In William Shakespeare's Julius Caesar, Mark Antony famously said "The evil that men do lives after them; the good is oft interred with their bones." It is hoped that this with not be Whitney Houston's fate, that history remembers her phenomenal talent and not the turmoil that besieged her at the pinnacle of her success.
Born August 9, 1963 Houston's talent was quickly recognized as a child singing on the choir at the New Hope Baptist Church in Newark, New Jersey. She was influenced and guided by her mother, gospel singer Cissy Houston, her cousin Dionne Warwick, godmother Aretha Franklin and other great Black artists like Chaka Khan, Gladys Knight and Roberta Flack.
Her first album Whitney Houston was released in 1985, featuring the hits "All at Once," "You Give Me Love," "How Will I know" and "Saving All My Love for You," her first number one single. The video of "How Will I know," another number one single, was heavily rotated on MTV, making her the first Black female artist to receive such rotation on the music channel, then being challenged for ignoring Black artists.
In 1986, the album Whitney Houston remained at the top of the Billboard charts for 14 weeks. The album turned platinum, selling over 25 million copies worldwide. That year, Houston also won her first Grammy, Best Pop Vocal Performance, for "Saving All My Love for You."

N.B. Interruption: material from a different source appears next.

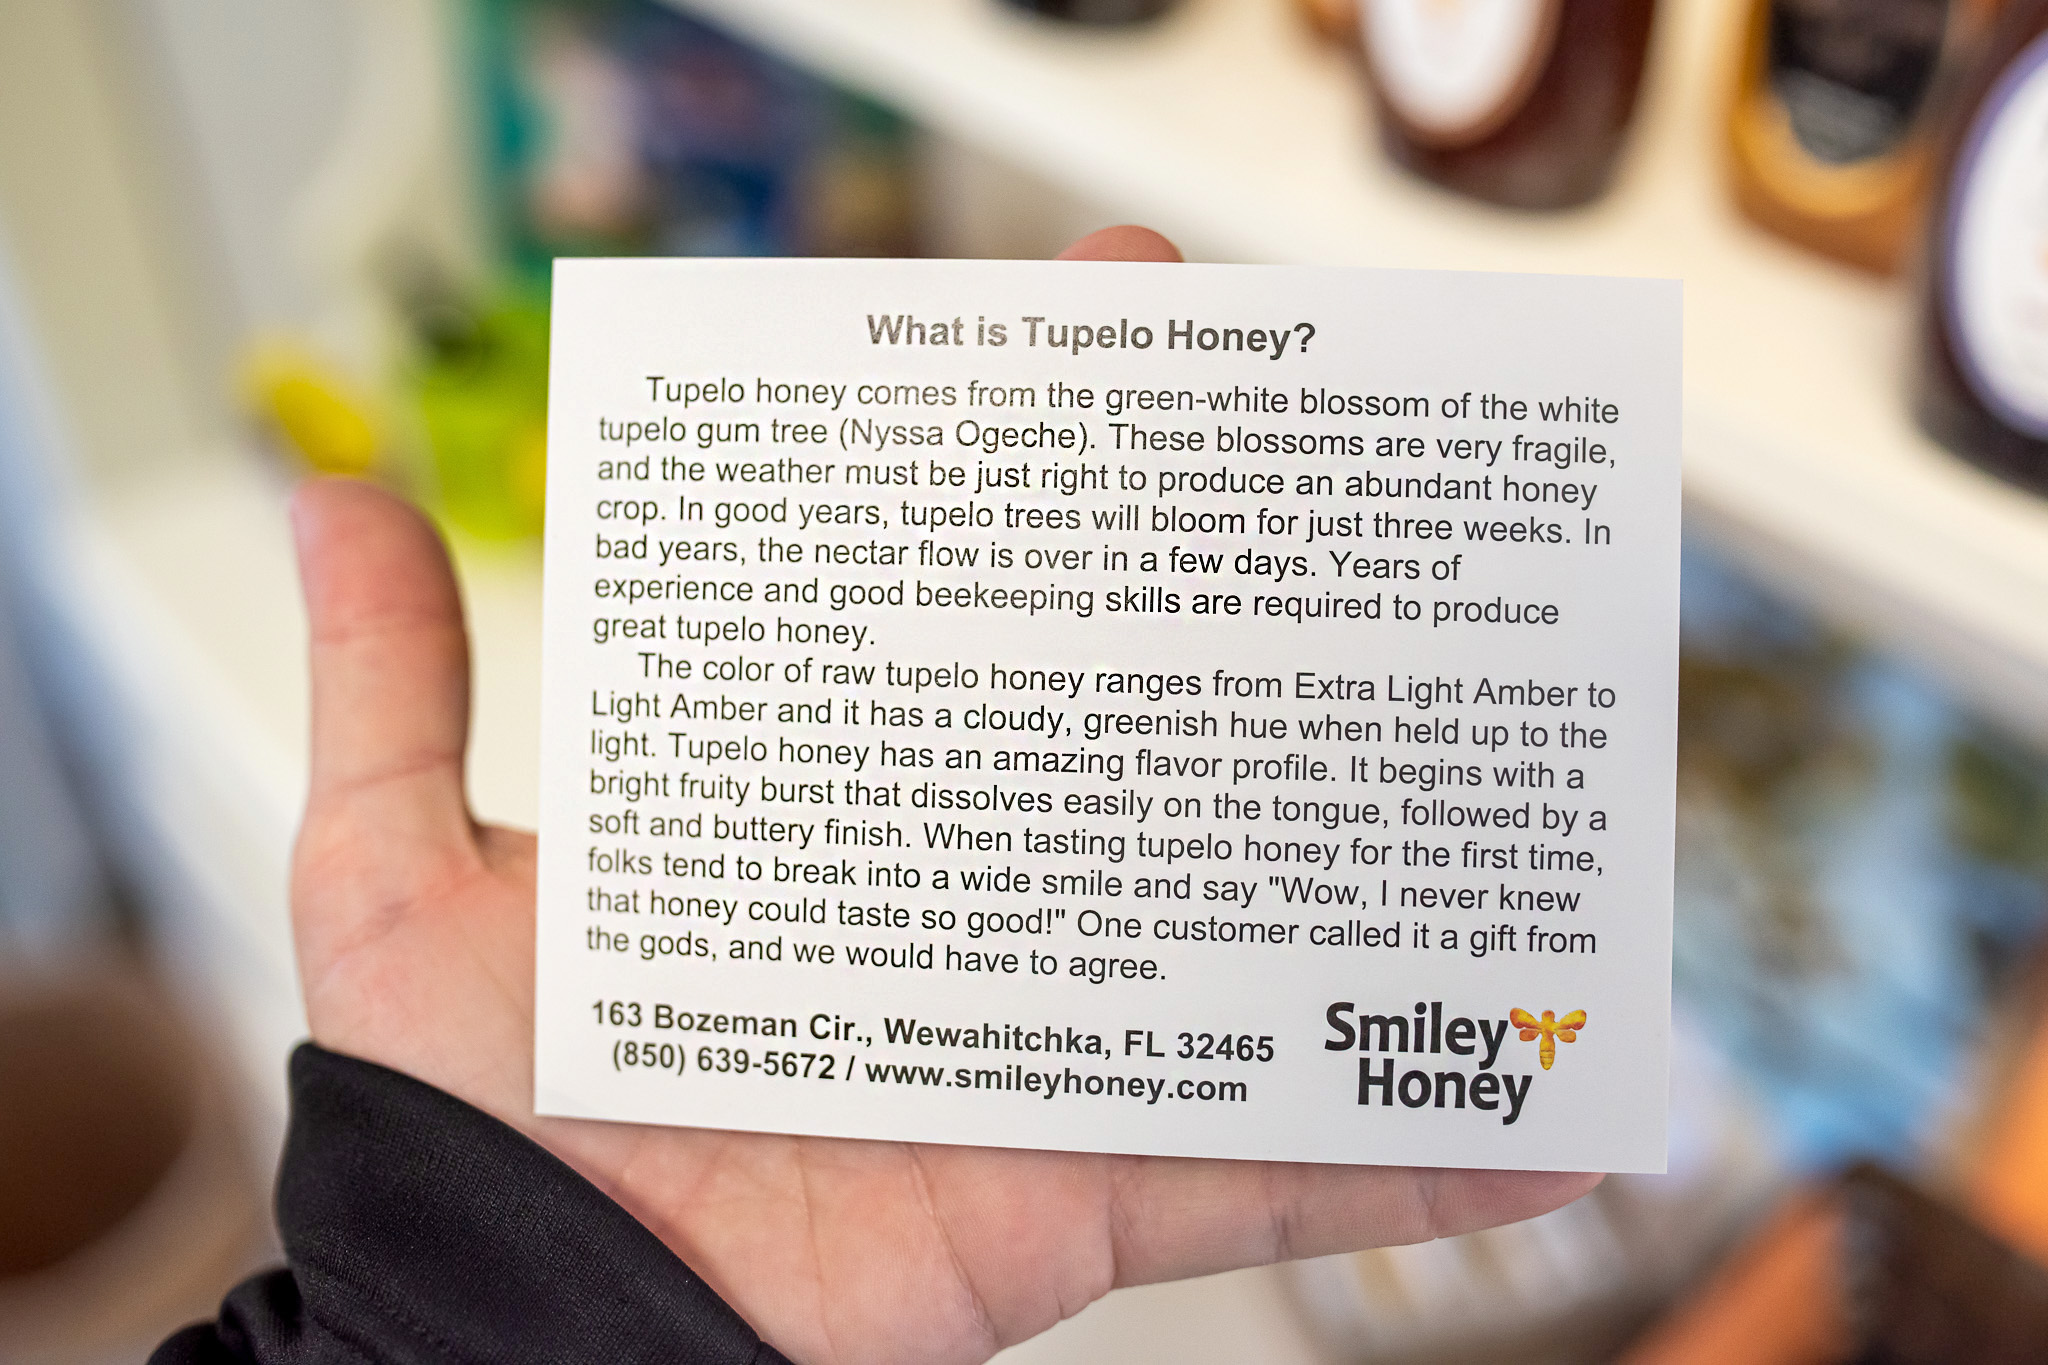 where is tupelo honey made

Houston was the only artist to have seven consecutive number one Billboard hits – "Saving All My Love for You," "How Will I Know," "Greatest Love of All," "I Wanna Dance with Somebody," "Didn't We Almost Have It All," "So Emotional" and "Where Do Broken Hearts Go." She was also one of the world's best-selling music artists, with over 170 million albums, singles and videos sold. In 2009 the Guinness World Book of Records named Houston the most awarded female artist of all time, with two Emmy Awards, six Grammy Awards, 30 Billboard Music Awards, and 22 American Music Awards, among a total of 415 career awards.
Her popularity escalated during the Persian Gulf War in 1991, when she sang "The Star Spangled Banner" at Super Bowl XXV in Tampa, Florida. The rendition was released as a commercial single, breaking into the Top 20 U.S. charts, the only occasion an artist turned the American national anthem into a chart hit. She donated the proceeds from this record to the American Red Cross Gulf Crisis Fund and she was later named to the Red Cross Board of Governors.
Houston also excelled as an actress with roles in Waiting to Exhale, The Preacher's Wife, and The Bodyguard.
In the late 1990s to 2006, Houston struggled publically with many personal issues, but she bounced back in 2009 with a new album, I Look to You. The title single sold some 500,000 copies in its first week of release. Recently, she completed her performance in the movie Sparkle, with American Idol winner Jordan Sparks, to be released this summer.
Following her death, tributes poured in from around the globe, particularly from a new generation of pop songstresses inspired by her legacy, including Jennifer Hudson, Beyoncé, and Mariah Carey. And as fans across the world grieve, sales of her hits have soared.
The voice of a great Black American entertainer has been silenced, but like those who passed before her, her music will live on for the ages.